* Magnus Hagander <magnus@hagander.net> [100119 10:44]:
> > When we (at Wisconsin State Courts) were using CVS and had scripts to
> > automatically merge changes from one branch to another, we saw this
> > sort of thing unless people were very careful to grab a timestamp in
> > the past for their ranges and use it throughout the script. Perhaps
> > the script is just not careful enough? (Said in total ignorance of
> > what the PostgreSQL process here actually is....)
>
> That would be one way. However, AFAIK the tool we use (fromcvs)
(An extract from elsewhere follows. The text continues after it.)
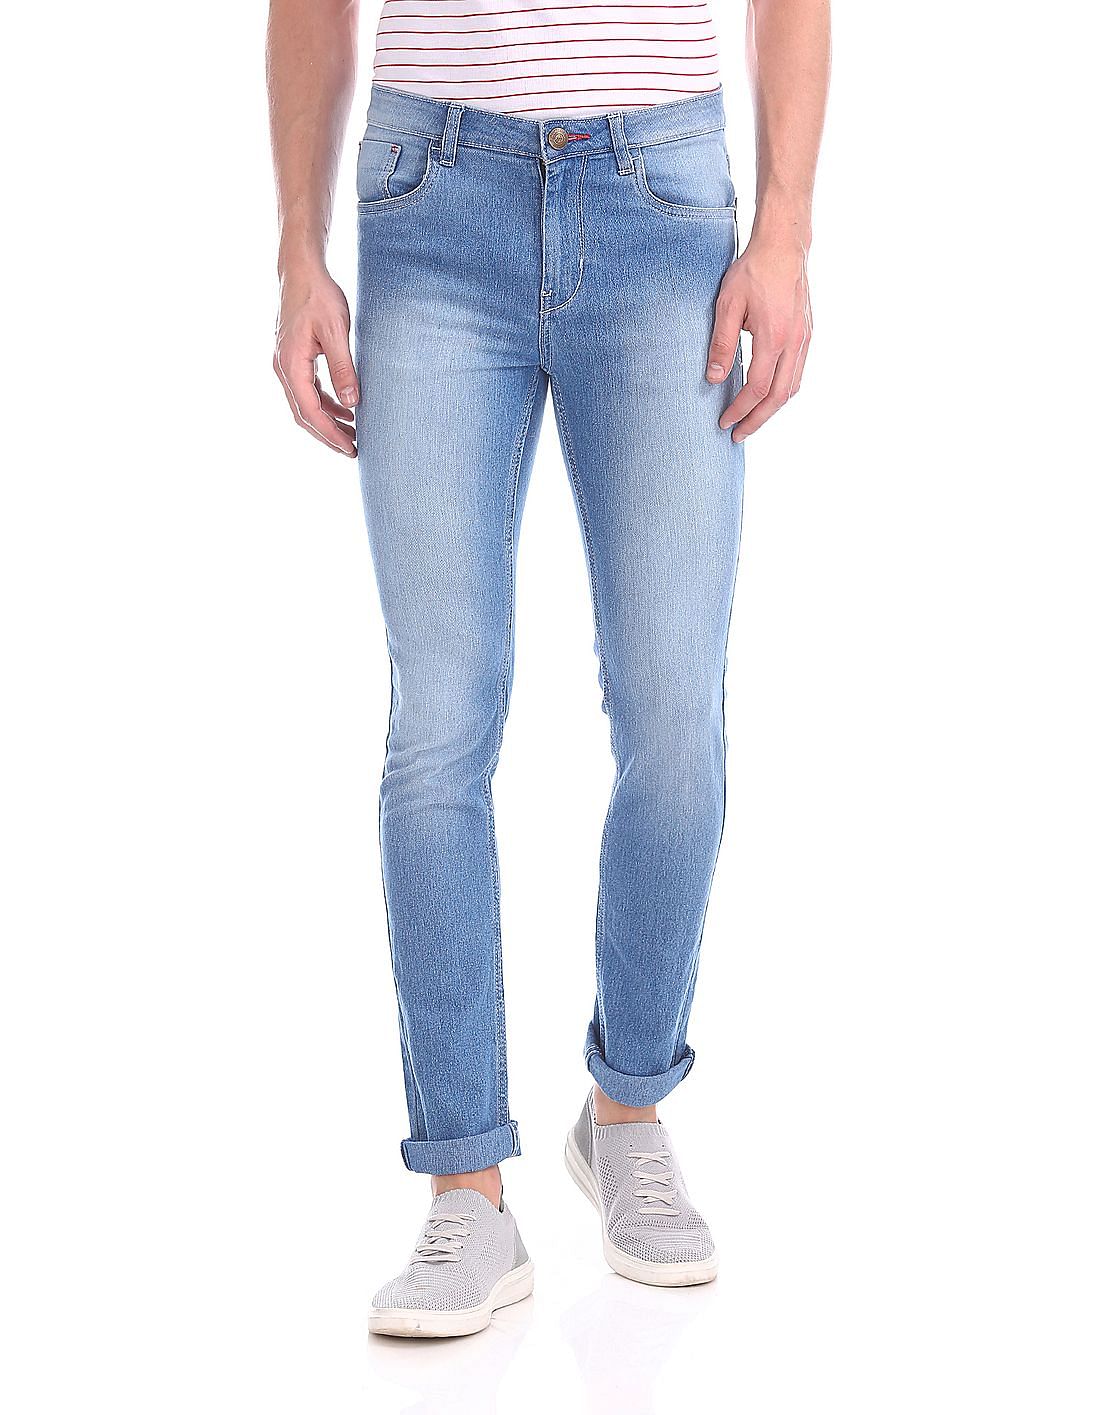 newport jeans official website

> doesn't support this. If somebody were to extend the tool with that,
> it would be much appreciated. It's a Ruby tool though, so there's not
> a thing I can do about it myself... And it's basically undocumented.
>
> But yes, if we do that and set the timestamp far enough back in time,
> that should make it "reasonably safe". Given how long some operations
> can take ((C) year change, release tagging IIRC, stuff like that),
> this has to be a fairly large number, which means the git mirror will
> lack even further behind. But if that's what we have to pay to make it
> safe, I guess we should... The time would have to be long enough to
> cover any cvs commit including potential network slowness during it
> etc.
Well, when I was running my conversion, I took a "cheap" way, I just
rsynced twice (with a delay, I don't remember how long I decided was long
enough) and made sure the 2nd rsync didn't do anything, before I let
fromcvs at the copy of CVSROOT.
Sure, it's not perfect either, I based that on the hope that no "single
CVS commit" would have a period of $X of inactivity on the CVSROOT.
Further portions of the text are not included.